Für den Muskelaufbau und die Definition sind in der Regel 3-4 Sätze mit 10-15 Wiederholungen pro Seite ein guter Richtwert. Wenn das Ziel eher die Verbesserung der muskulären Ausdauer ist, können auch höhere Wiederholungszahlen von 15-20 pro Seite angestrebt werden. Passe die Anzahl stets an dein individuelles Fitnesslevel an und achte auf eine saubere Ausführung.
Kann man Gedrehtes Beinheben zuhause oder ohne Geräte trainieren?
Ja, das Gedrehte Beinheben ist eine hervorragende Übung für das Training zu Hause, da es ausschließlich mit dem eigenen Körpergewicht ausgeführt wird. Du benötigst lediglich eine ebene Fläche, vorzugsweise eine Trainingsmatte, um Komfort und Schutz für den Rücken zu gewährleisten. Dies macht sie zu einer sehr zugänglichen und flexiblen Übung für dein Bauchtraining.
Welche Alternativen gibt es zum Gedrehten Beinheben?
Wenn du Abwechslung suchst oder die Intensität variieren möchtest, gibt es mehrere Alternativen zum Gedrehten Beinheben.
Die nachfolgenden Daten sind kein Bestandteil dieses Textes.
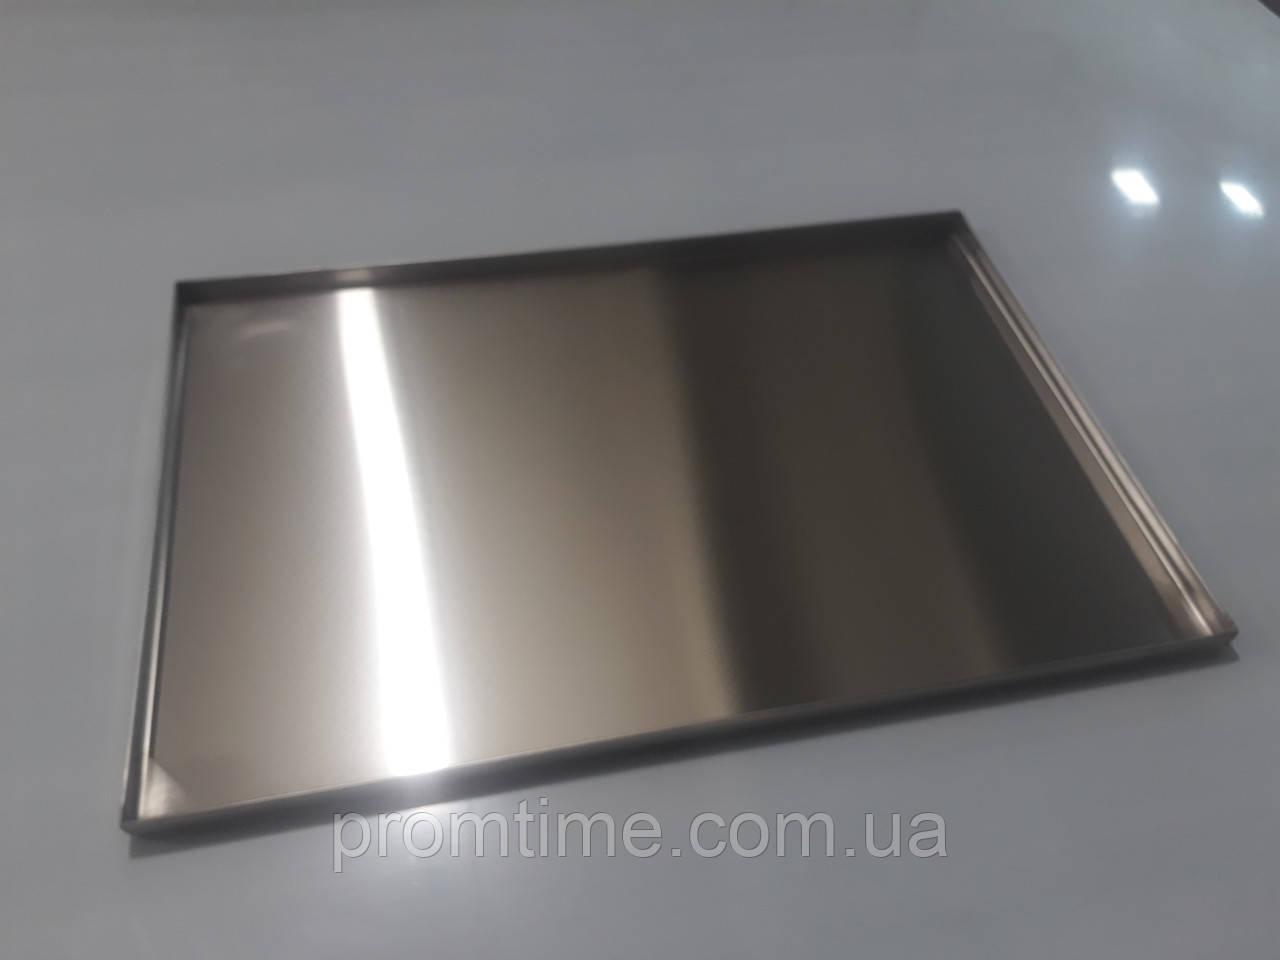 Противень 600х400х20 (нержавеющая сталь)

Dazu gehören das Hängende Beinheben mit Rotation, das eine größere Herausforderung für die Rumpfmuskulatur darstellt. Weitere Optionen sind das Hängende schräge Knieheben, der Fahrrad-Crunch für die schrägen Bauchmuskeln oder das Liegende Beinheben mit seitlichem Kabelzug, falls ein Kabelzug vorhanden ist.